Впоследствии В.А. Апушкин не раз возвращался к данной проблеме и в 1918, и в 1920, и в 1921 гг., когда он задавался вопросом о возможности создания военной доктрины Советской России. В статье «О государственной военной доктрине» в 1920 году он отмечает, что «Россия до сих пор не выработала собственной военной доктрины — ни частной, стратегической, тактической, ни государственной, военно-политической. Не было частной военной доктрины, потому что не было общей, как фундамента первой, а последней — потому, что русская внешняя политика со времен Екатерины II утратила свою определенность и свою самостоятельность, а во внутренней жизни русской армии, как и всего народа, не было благоприятных данных для творческой работы»13. Задавая вопрос о возможности создания военной доктрины в двадцатых годах XX века в революционной России, В.А. Апушкин пишет, что «для установления таковой… нет еще ни почвы, ни условий. В России, в революционном порядке, еще борются две силы; итоги мировой войны для нее еще не подведены. Будущее решит, какова будет Россия по своему объему, государственному строю, какое место займет она в ряду других держав, каковы будут ее отношения к тем или другим из них, какие именно задачи она себе поставит. От решения всех этих вопросов зависит будущее русской армии. Мировая война показала, в какой тесной связи стоит организация победы со всеми сторонами государственно-народной жизни. И сочинять военную доктрину без учета всех факторов этой жизни — значит строить здание на песке, создавать не военную доктрину, а военных доктринеров и схоластов»14. Признавая огромную важность военной доктрины как органической части государственной политики и вырастающей из сознания нации, автор указывает на её значимость как «жизненной школы», которая воспитывает военные кадры, а не только обучает «их своим уставам и инструкциям»15.
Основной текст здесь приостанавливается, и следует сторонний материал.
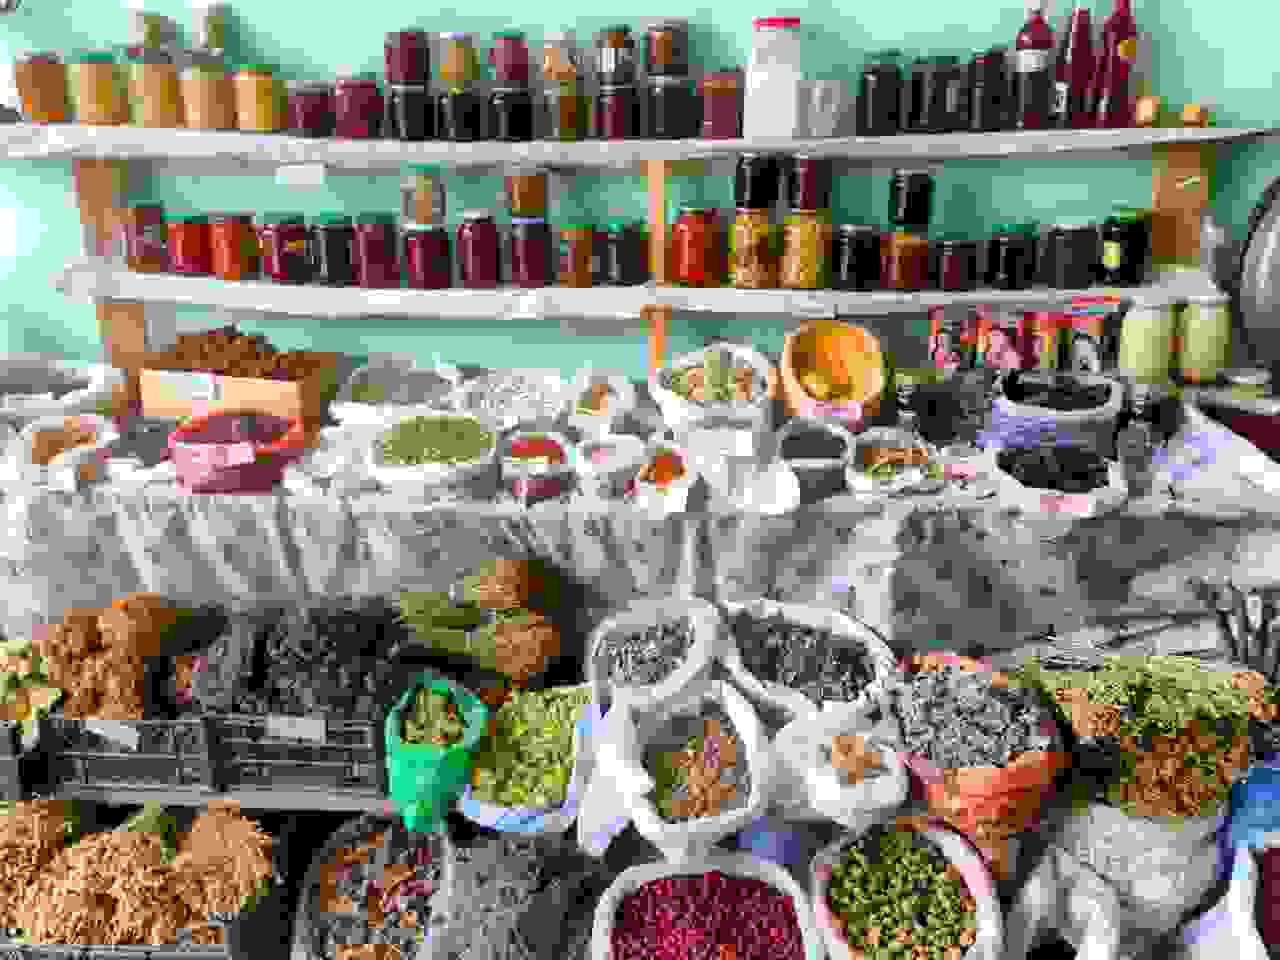 Azerbaijan spice market

В.А. Апушкин тесно увязывал наличие разработанной в государстве военной доктрины с успехами не только на войне, но и в международной политике. Именно под этим углом зрения он выпускает в 1925 году книгу о В.А. Сухомлинове под названием «Генерал от поражений», в которой на основании множества документальных свидетельств раскрывает деятельность военного министра в канун и в начале Первой мировой войны. По мнению автора, военное дело в преддверии XX столетия переживало кризис. «Был уже изобретен бездымный порох, магазинное ружье, скорострельная артиллерия… — пишет он. — Техника делала все новые гигантские шаги. Конница теряла историческую роль “царицы полей сражений”, но Сухомлинов ничего этого не видел, являясь “ярым врагом учености, профессоров”…»16.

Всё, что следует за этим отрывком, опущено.